_YOUR GOAL_
Would you reproduce each line below exactly, leaving every picture out?

_INFORMATION SHOWN_
--------------------------------
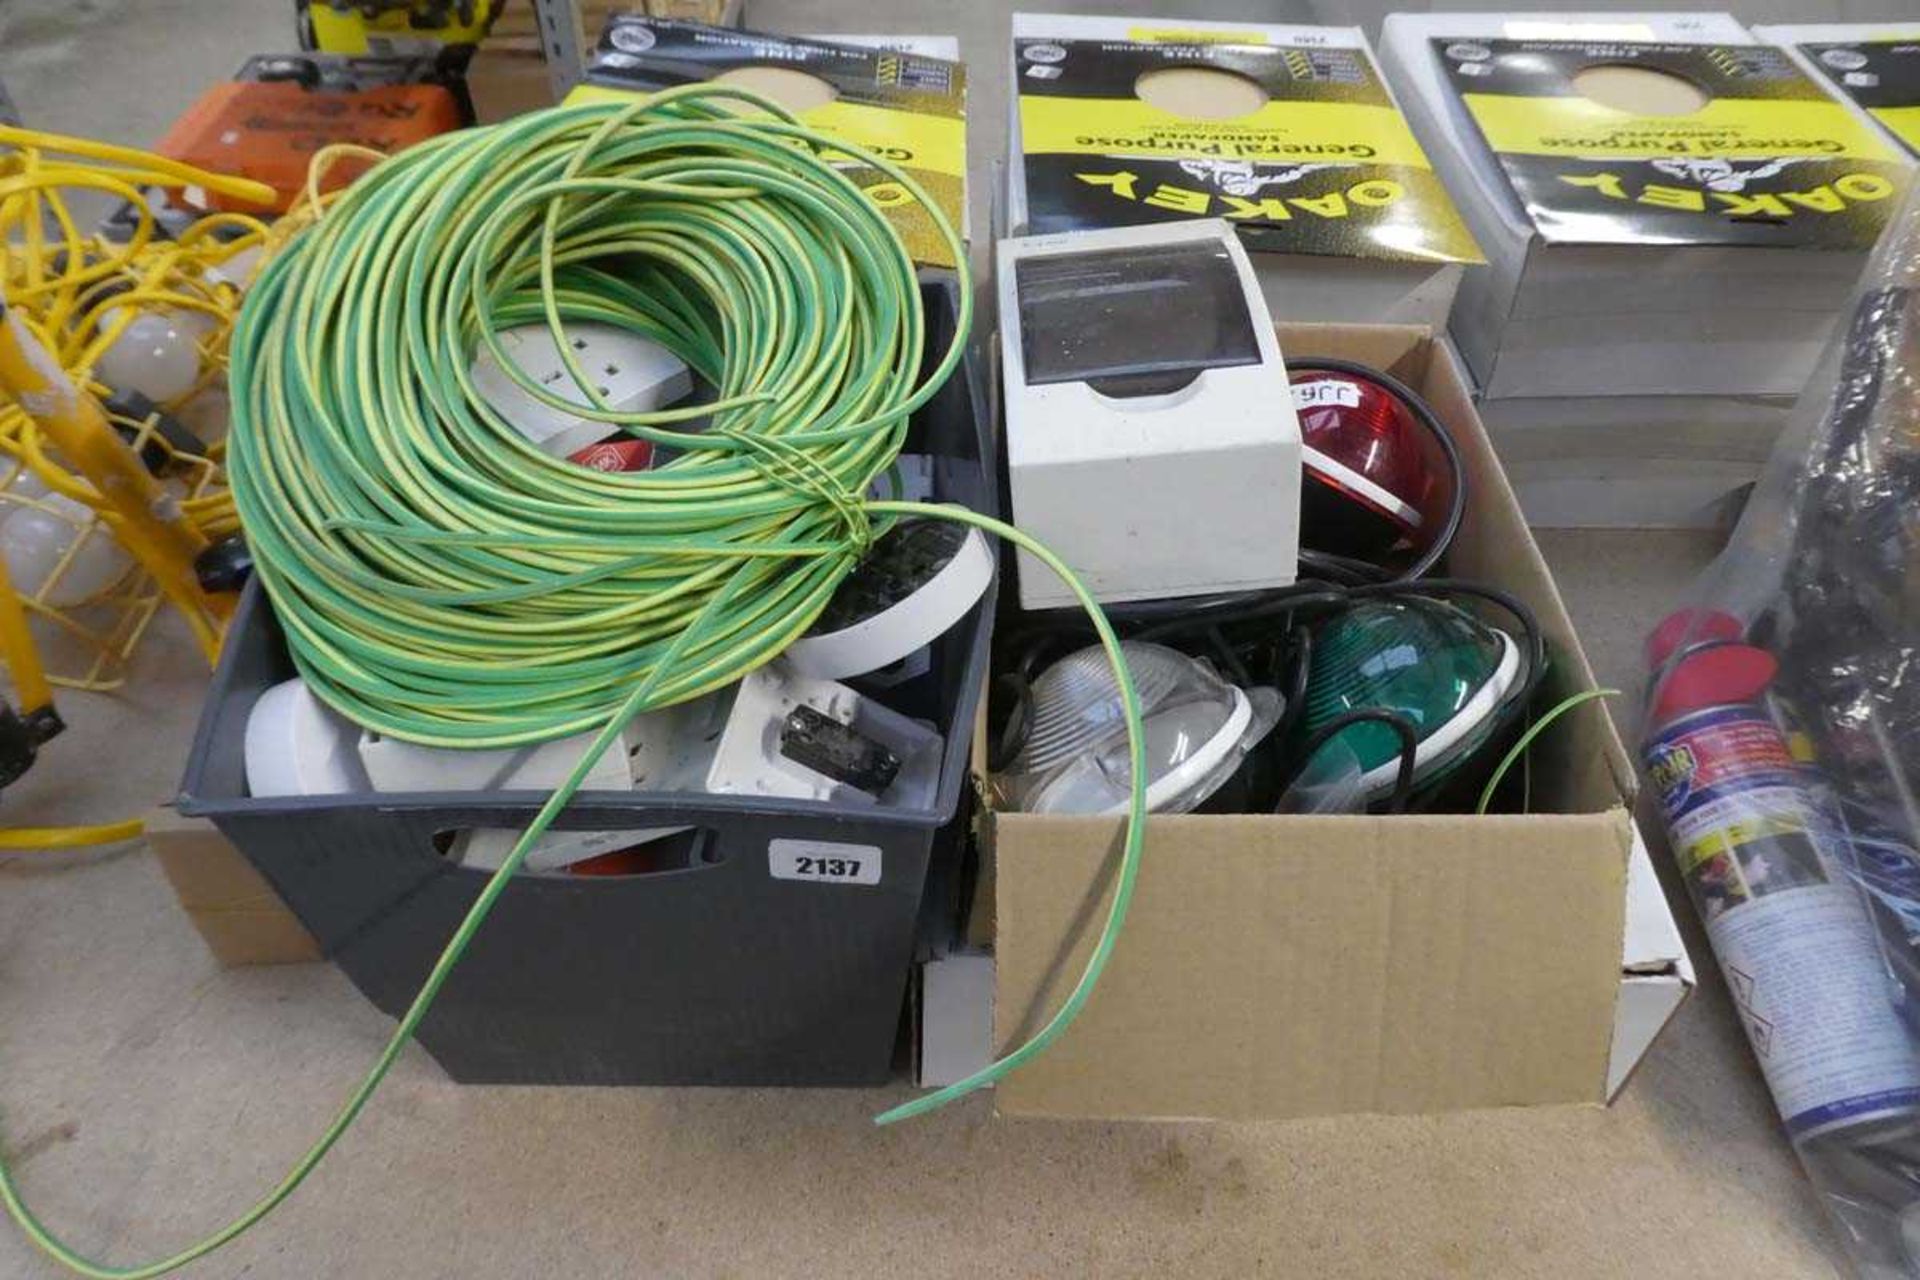 Crate of mixed electrical items and components with boxed multicoloured 3 way lighting system
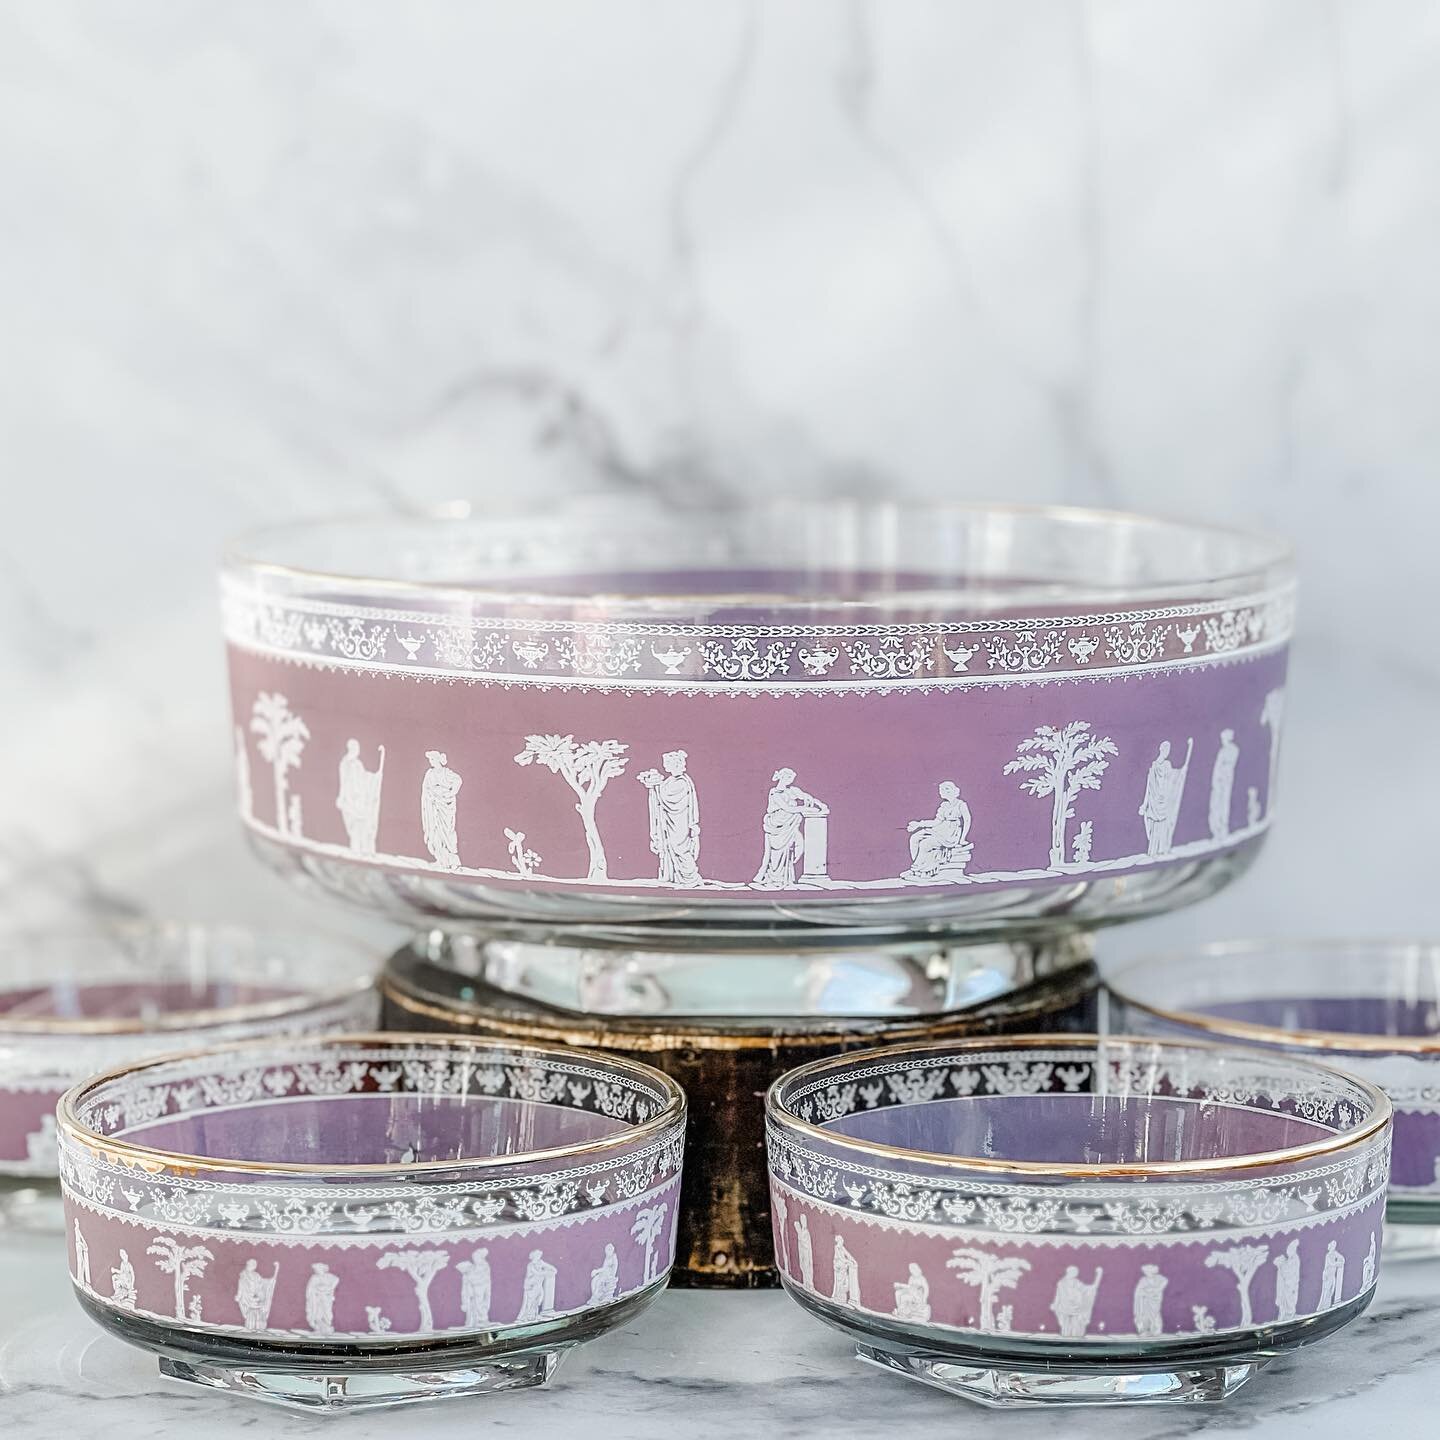 ✨Available in stories✨ 

Story sale live now! 

1950s &ldquo;Hellenic Lilac&rdquo; Set available for custom orders✨ Free local pick-up in Charleston or shipping available with delivery by 🎄🎁
--------------------------------
_RESULT FOR THIS TASK_
 Crate of mixed electrical items and components with boxed multicoloured 3 way lighting system
 ✨Available in stories✨ 

Story sale live now! 

1950s &ldquo;Hellenic Lilac&rdquo; Set available for custom orders✨ Free local pick-up in Charleston or shipping available with delivery by 🎄🎁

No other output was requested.